(MCT) -- Lindsey Averill spent most of her life thinking things would be better if she could just get skinnier.
She counted calories and worked out, but still couldn't reach the size she wanted, the one she saw on TV and in magazines. She put things off, thinking she'd do them once she shed 10 more pounds.
"Everything was in relation to when I got thinner," said Averill, 36. "It's almost as if my life was going to start when I got thinner."
Then she discovered what's known as the "fat acceptance movement" and started loving her body just the way it was - fat, in her words. Averill, who is 5 feet 6 inches tall, stopped getting on scales two years ago. The last time she got on one, she said she weighed 217 pounds.
Now Averill, a Boca Raton, Fla., resident and doctoral student at Florida Atlantic University, is trying to encourage others do the same through a documentary she's making with filmmaker and friend Viridiana Lieberman of New York City.
Called "Fattitude," the movie, slated to be finished in 2015, is aimed at exposing discrimination against overweight people in pop culture and in daily life. It's also meant to teach people that they can embrace their bodies at any size.
It turns out that fat acceptance and discrimination is something many people feel strongly about. After a fundraiser for the movie went live on Kickstarter.com in April, Averill started getting harassed.
People sent pizzas to her house, signed her up for weight loss products and posted her address online. They even called with death threats. Averill admits being scared, but said it also showed how important the Fattitude project is.
"If we can incite all this hatred by spreading the message that you shouldn't have to hate your fat body, then clearly there is prejudice and injustice out there," she said.
"What I want it to do is change the nature of how we see bodies and weight and help people love their bodies," Lieberman said, "and recognize that not only is it OK to be different, but to embrace the spectrum of bodies."
Some of the controversy is centered around the idea that by saying it's OK to be overweight, the movie will promote unhealthy lifestyles. Lieberman and Averill say that criticism is misguided.
They say they're trying to reframe health as being not about getting thinner through excessive dieting or exercise but about leading a healthy lifestyle at every size.

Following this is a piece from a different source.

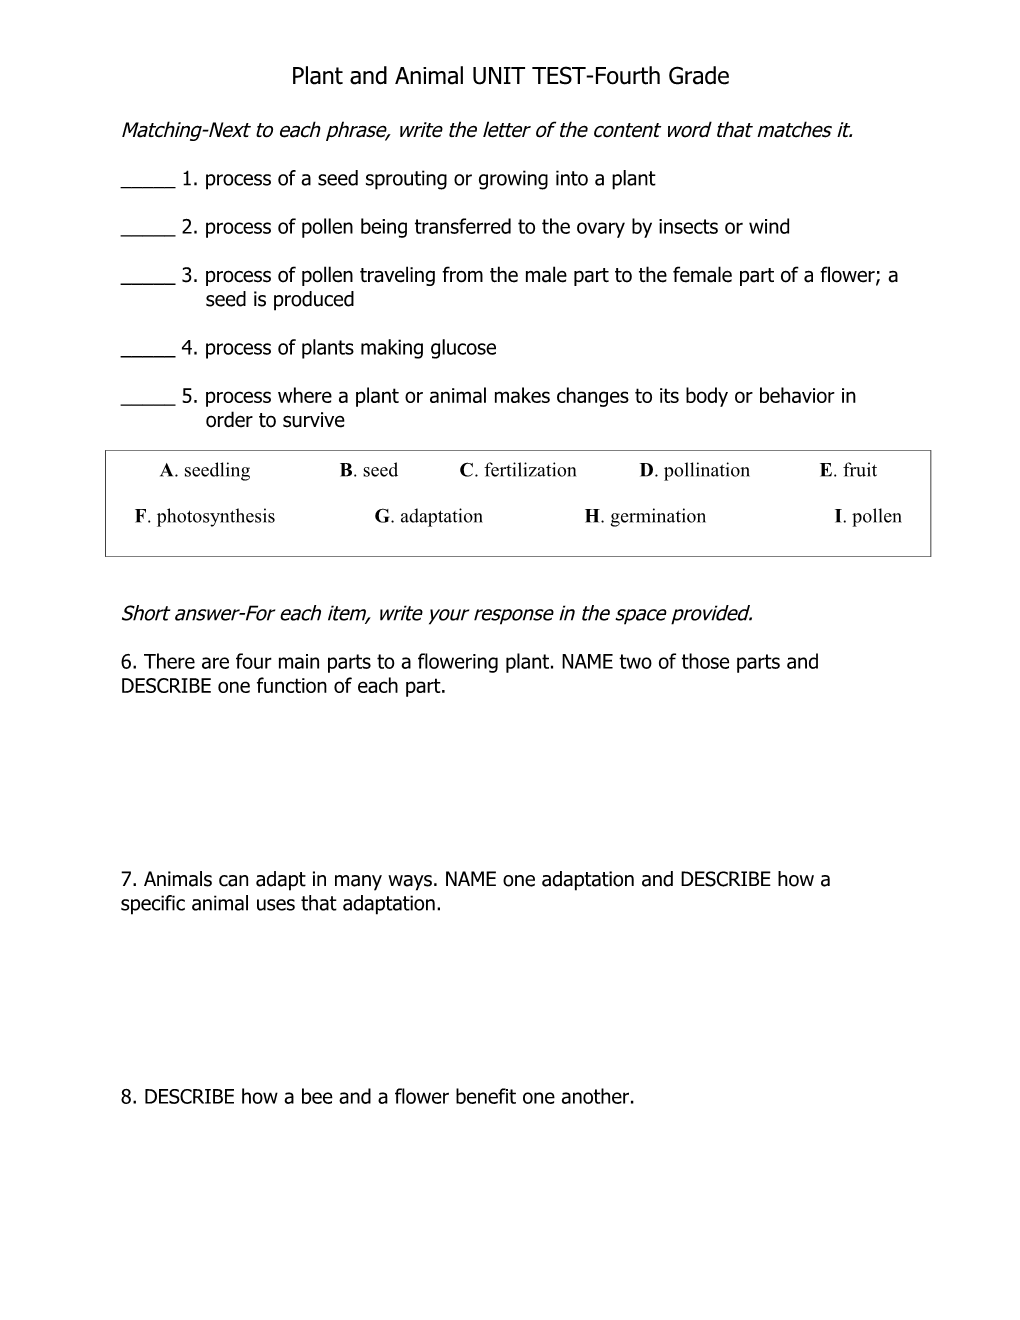 Plant and Animal UNIT TEST-Fourth Grade

Being overweight doesn't necessarily mean a person is unhealthy, they say.
"I'm not going to say to you that every single fat body in the world is healthy and I'm also not going to say every thin body in the world is healthy," Averill said. "For me it's not a question about size or shape. It's about thinking about people as individuals and evaluating them as individuals."
Dr. Laura Ziton, a family practitioner with the Broward (County, Fla.) Health Physician Group, a group of about 60 doctors affiliated with Broward Health, said it's true that a person can be healthy even if they're overweight. It takes an examination and lab work to truly determine a person's health, a person's body mass index, or BMI, being one of the best indicators.
The real problem, Ziton said, is obesity, which can lead to high blood pressure, diabetes and heart problems. Morbidly obese people have a higher incidence, for example, of sudden cardiac arrest.
"I understand that despite our weight, we can make healthy food choices, we can have a healthy amount of exercise but in the end, if we're obese, we will have health consequences," Ziton said. "We do see some health consequences of being overweight, but they are minimal in comparison to those people who fall into the obese range."
Regardless of how much they weigh, no one should be discriminated against, she said. That only leads to depression and anxiety, which can end up leaving an unhealthy person afraid to make changes - something Ziton said she sees frequently.
Virgie Tovar, a San Francisco-based expert on body image and fat discrimination who was interviewed for "Fattitude," said part of what's fueling discrimination against overweight people is the way they're portrayed by the mass media.
She said they almost always fall into one of several categories. They're either the villain or the best friend or the butt of the joke. They're often shown as lazy or stupid. And in many cases, being fat is painted as one of the worst fates that can befall a person.
The end result is not just that overweight people internalize those feelings, Tovar said. It goes beyond that.
"People who aren't fat are terrified of being fat, and also learn that it's OK to make fun of people who are fat," she said. "It ends up affecting everybody."